The relative quantum efficiency curve (RQE, white line in graph) is one of the best approximations of an “optimal photosynthesis” spectrum. The graph also shows the spectrum of an HPS lamp (yellow line) and the spectrum of a typical narrow bandwidth red and blue spectrum LED light (red line). Nor the HPS or the narrow red-blue led do a good job in matching the RQE

The white line in graph is the RQE. It is the “optimal photosynthesis” spectrum. The graph also shows the spectrum of an HPS lamp (yellow line) and the spectrum of a typical narrow bandwidth red and blue spectrum LED light (red line).

Graph courtesy Valoya- Plants, Production and Products A Horticultural Lighting Guide

Photosynthetic Photon Flux Density (PPFD)

Photosynthetic Photon Flux Density(PPFD) goes by various names, Quantum Light or simply Photon Flux. In all cases, it is a unit of measure to express the light quantity relating specifically to photosynthesis in units called micro-moles. The PPFD is expressed in micro-moles of photons per meter squared, per second (μmo/ms/sec). You could say, the PPDF is to PAR as Lux is to lumens. The prior is horticultural specific, while the latter, refers to the capacities of the human eye. A mole is a quantity, an amount, a very large amount. It is a number equal to the number of atoms in 0.012 kg of carbon-12. A micromole is one millionth of a mole.

The table below provides a reference to light levels for a sampling of plants and sun conditions

  • House Plants 30 to 200 PPFD
  • Leafy Crop Plants (i.e. Lettuce & Basil) 200 to 600 PPFD
  • Tomatoes & Other Fruit Crops 400 to 1000 PPFD
  • Full Sunlight in Summer @ Noon 2000 PPFD
  • Full Sunlight in Winter @ Noon 1200 PPFD

Meters that measure the PPFD are called “quantum meters“. A quantum is the amount of energy carried by a single photon. A quantum meter gives you the entire wavelength measurements of the total number of photons/second as well as the YIELD PHOTON FLUX (YPF) of the particular lamp being measured. You can find all the right equipment for horticultural light by downloading this PDF file from Spectrum Technologies Inc. You will be amazed. I was.

Yield Photon Flux (YPF)

Photosynthesis is driven by photon flux rather than the general overall energy flux. But remember, not all absorbed photons yield equal amounts of photosynthesis. So, two measurements of photosynthetically active radiation have emerged. These are photosynthetic photon flux (PPF), which values all photons from 400 to 700 nm equally, and yield photon flux (YPF), which weights photons in the range from 360 to 760 nm, only taking into account the plant photosynthetic response.
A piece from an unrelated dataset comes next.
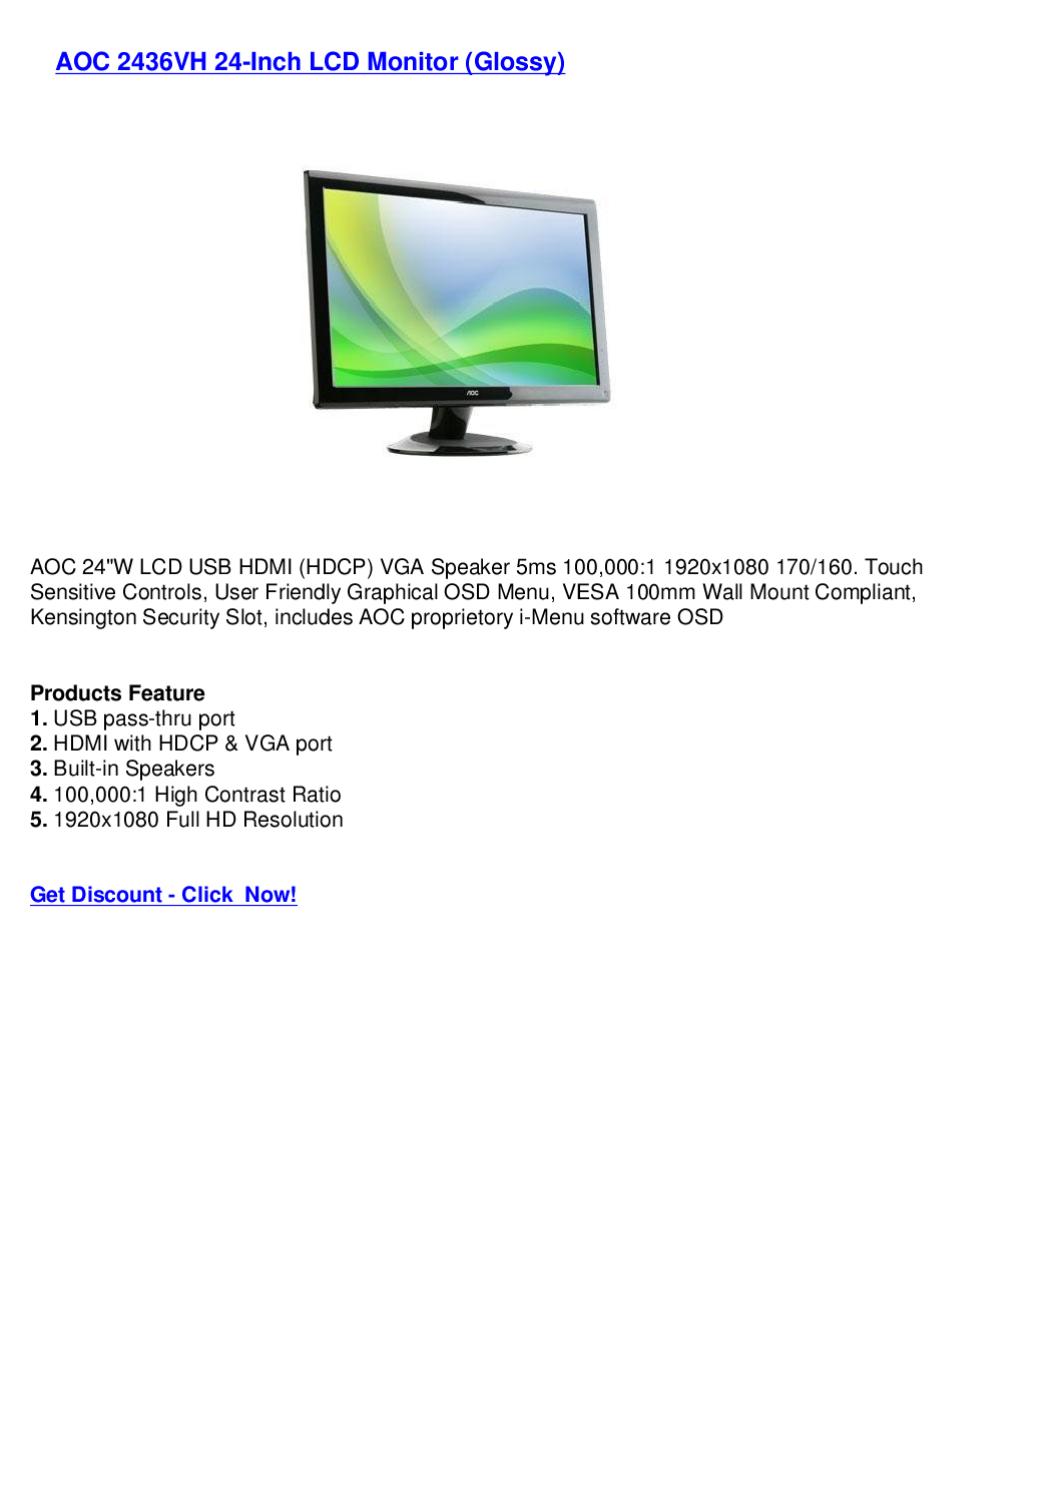 aoc screen software windows 10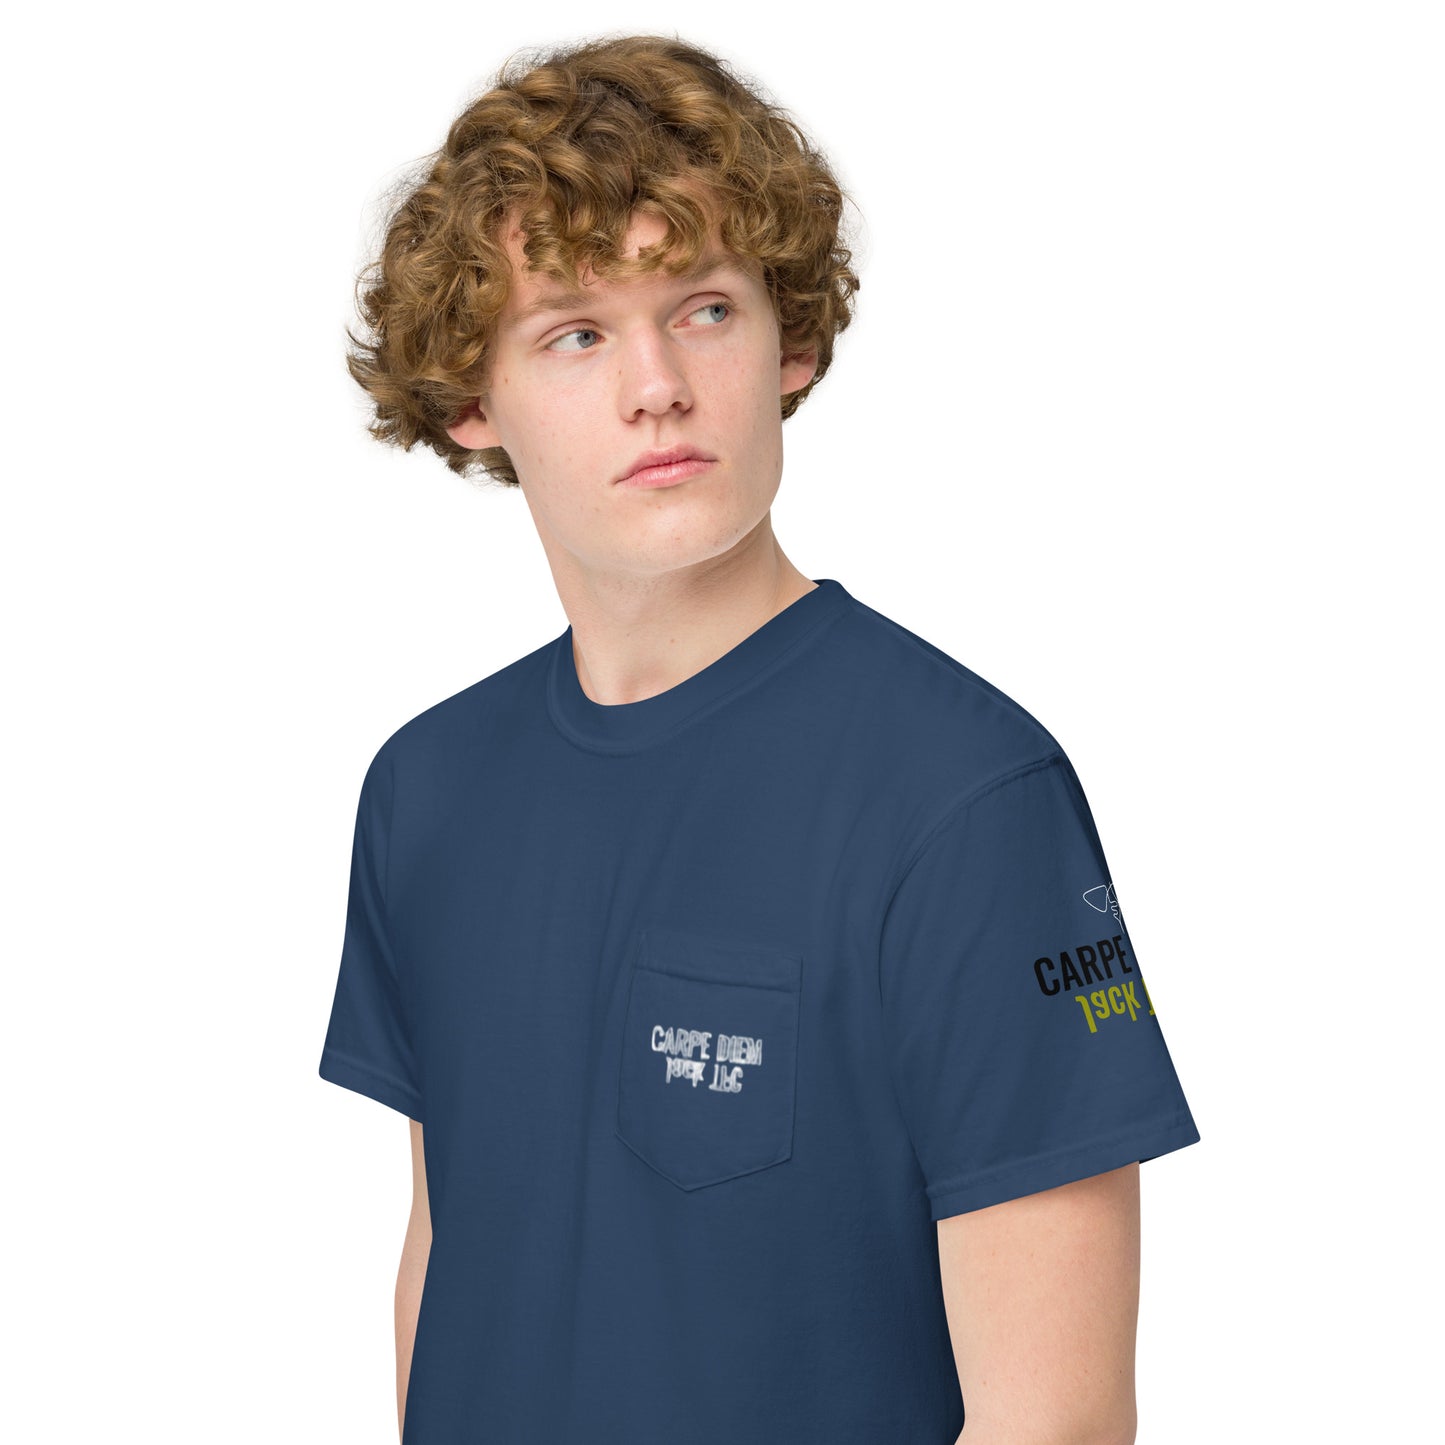 Unisex "FIND BALANCE" pocket t-shirt

Daily Light Integral (DLI)

An efficient lamp for plant growth must convert as much electrical energy as possible into PAR energy. The term ‘daily light integral’ (DLI) or Light Quantity, refers to the number of light particles, or photons, received during one day in the PAR region of 400-700 nm. The DLI, measured in mol/m2/day, can have a dramatic difference on root and shoot growth, root development of cuttings, and finish plant quality. These qualities include stem thickness, plant branching and flower number. The average DLI received outdoors ranges roughly from 5 to 60 mol/m2/day and depends on location and time of year. For potted crops 10-12 mol/m2/day is normal. Plant quality generally increases as the average DLI increases. The DLI is important to monitor in your green house so as to know you are applying the right amount of light to your plants.


Photoperiodic is the interval in a 24-hour period during which a plant is exposed to light. For example the photoperiodic of a some well known flowering plants is 12 hrs. while  the photoperiodic of a normal plant in vegetative stage is 16 hr.

Using Plant Led Light Terminology

Just for fun I have made up a sentence using all the words relating to plant light:

” The OST LED vegetative growth LED fixture’s average growth light is 200 micromol (μmol) in the PAR range of 456nm with a 200 PPFD. At a distance of 18″ from the plant and a 16hr. photoperiod you have a DLI of 10mol/m2/day.”